Туа-Туа и Миккель сели на кровать. Плотник Грилле достал мед и серый хлеб.

– А медвежьи есть, – сказал он. – Но вам непременно лисьи надо?.. Макайте да ешьте, детишки.

Они стали есть.

– Может, медвежьи тоже подойдут? – предположил Миккель.

– Если крест-накрест положить, – сказала Туа-Туа.

Плотник достал два жестких длинных волоса, удивительно похожих на конские. Туа-Туа намазала бородавки салом и положила сверху «медвежьи» волосы. Потом они принялись ждать.

– Луна выйдет около восьми, – сообщил плотник. – Сидите пока здесь. А ты чего в окно уставился, Миккель Миккельсон? Аль луна уже взошла?

– Нет, но у Симона Тукинга свет, – ответил Миккель и протер окно рукавом.

– Я видел, – сказал плотник. – Значит, Симон уже вернулся. Должно, мешок прохудился… Ну как, сошли бородавки?

– Мазь должна всю ночь лежать, – объяснила Туа-Туа и пошла к двери. – Мне домой пора. Спасибо, до свидания… Ты идешь, Миккель?

Миккель прижал нос к стеклу и думал о Симоне Тукинге. Симон вернулся… Может быть, он знает? О кораблекрушении у маяка Дарнерарт, о том, как сюда попала книга?

Ну конечно, Симон должен знать! Все, даже самое неприятное… Миккелю стало жарко. Но правда всего важнее.

– Мы еще в одно место собирались, – сказал он плотнику. – Qпасибо за мед, за хлеб. Похоже, ростепель будет.

– Тогда бородавки сразу отвалятся, – предсказал плотник. – А не отвалятся, приходите завтра. Я стишок хороший знаю, он начинается…

Дверь захлопнулась, и голос плотника превратился в неразборчивое бормотание.

Шел снег. На заливе, приближаясь к берегу, мелькал бабушкин фонарь.

– Я зайду к Симону, Туа-Туа, – объявил Миккель. – Ты можешь не ходить, коли не хочешь.

Туа-Туа ничего не сказала. Она шла, подняв руку, словно в лубке. Они молча спустились по старой дороге к лодочному сараю. Замок был снят, дверь приоткрыта. Миккель потянул ее к себе.

В углу, спиной к ним, сидел на корточках Симон Тукинг.

Он совал дрова в печь.

Миккель откашлялся:

– Здравствуй, Симон. Понимаешь, мы…

И вдруг стало тихо. Туа-Туа испуганно вскрикнула и прикрыла рот рукой. Человек встал и обернулся. Это был не Симон Тукинг.

Глава тринадцатая
ПАТ О'БРАЙЕН ДУЕТ В ЗОВУТКУ

Сначала они увидели бороду, пышную и косматую, как у Симона Тукинга. Потом глаза. Они были серые, словно кремень, и щурились от дыма.

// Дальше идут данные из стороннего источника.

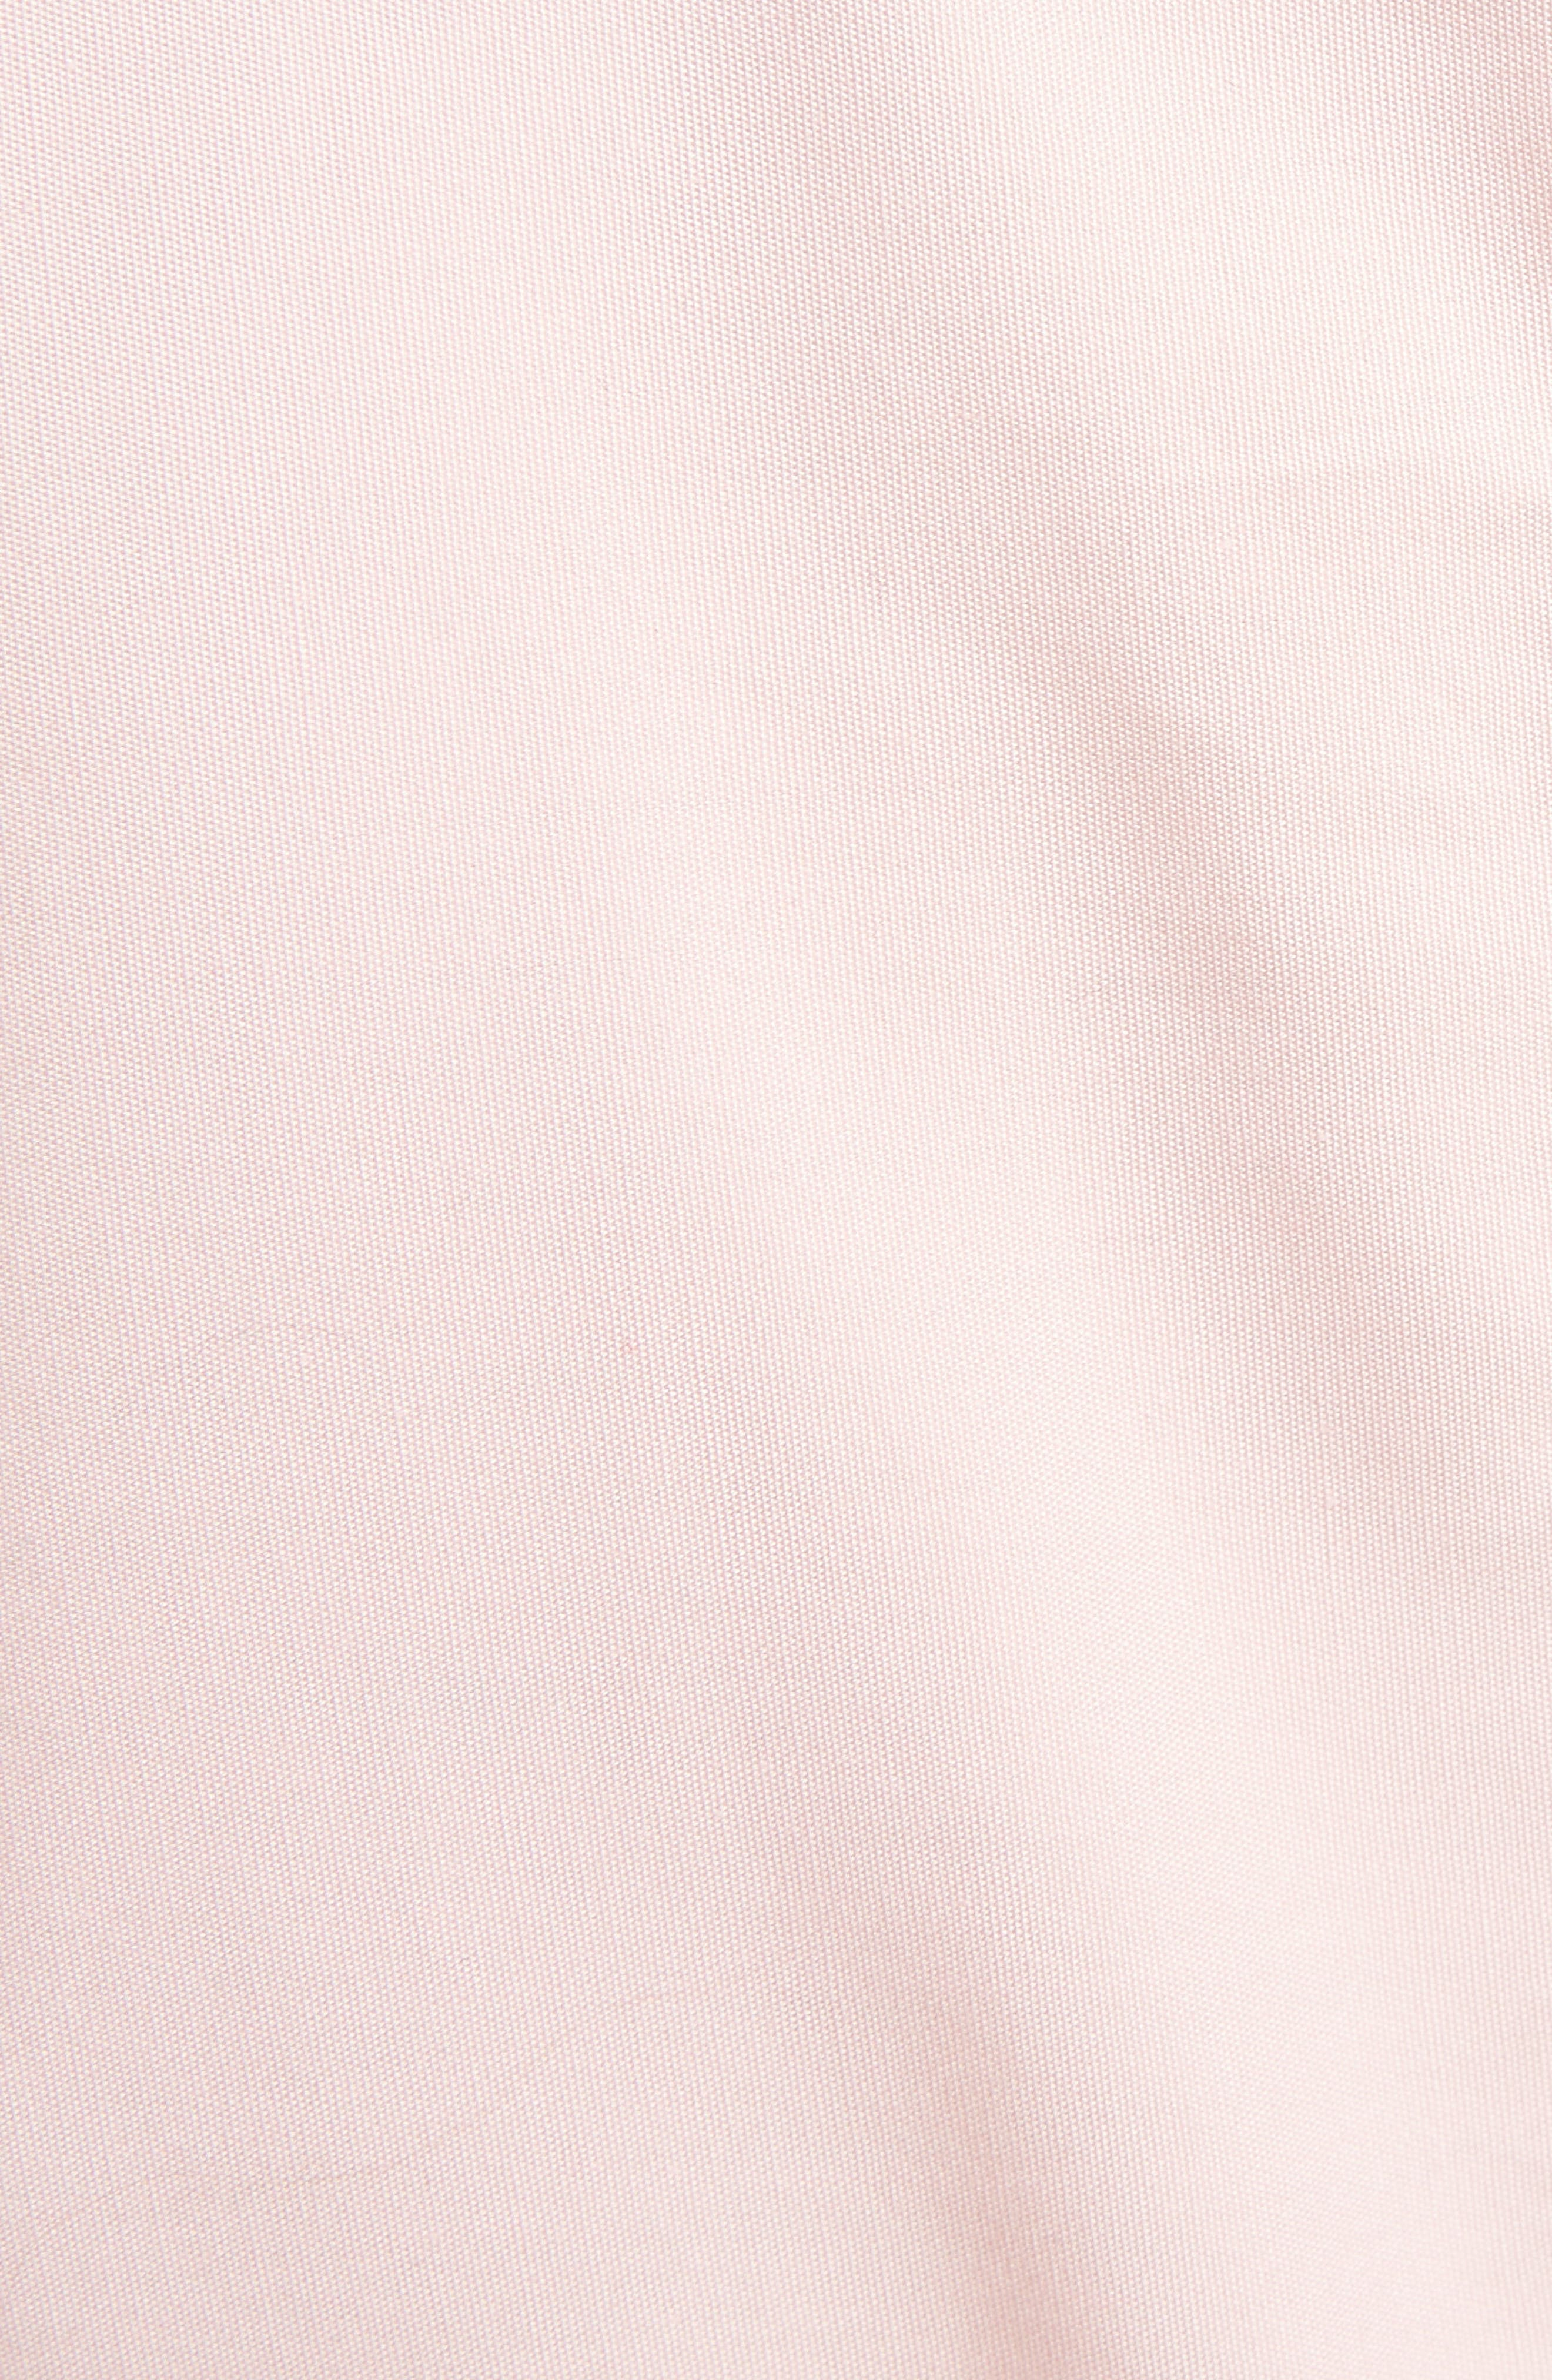 Asymmetrical Ruched Cotton Blouse,                             Alternate thumbnail 5, color,                             650

Незнакомец подошел к столу и сел. Шея его была обмотана красным клетчатым платком, живот перетянут широким кожаным поясом, на котором висели сбоку три серебряные монеты. Высокие сапоги из желтой кожи покоробились, на них насохла глина. Брюки порвались. В зубах он держал толстую сигару.

– Ивнинг, дакс *, – сказал незнакомец.

Миккель почувствовал, как рука Туа-Туа ищет его руку.

На столе лежала широкополая шляпа и узел с одеждой.

На печи стояла сковорода с четырьмя скворчащими отбивными.

– Дверь закройте! – скомандовал незнакомец.

Это был человечий язык. Миккель закрыл. Туа-Туа тоже вошла – любопытство оказалось сильнее, чем страх.

– Как бы не пригорели. – Незнакомец встал и повернулся к сковороде.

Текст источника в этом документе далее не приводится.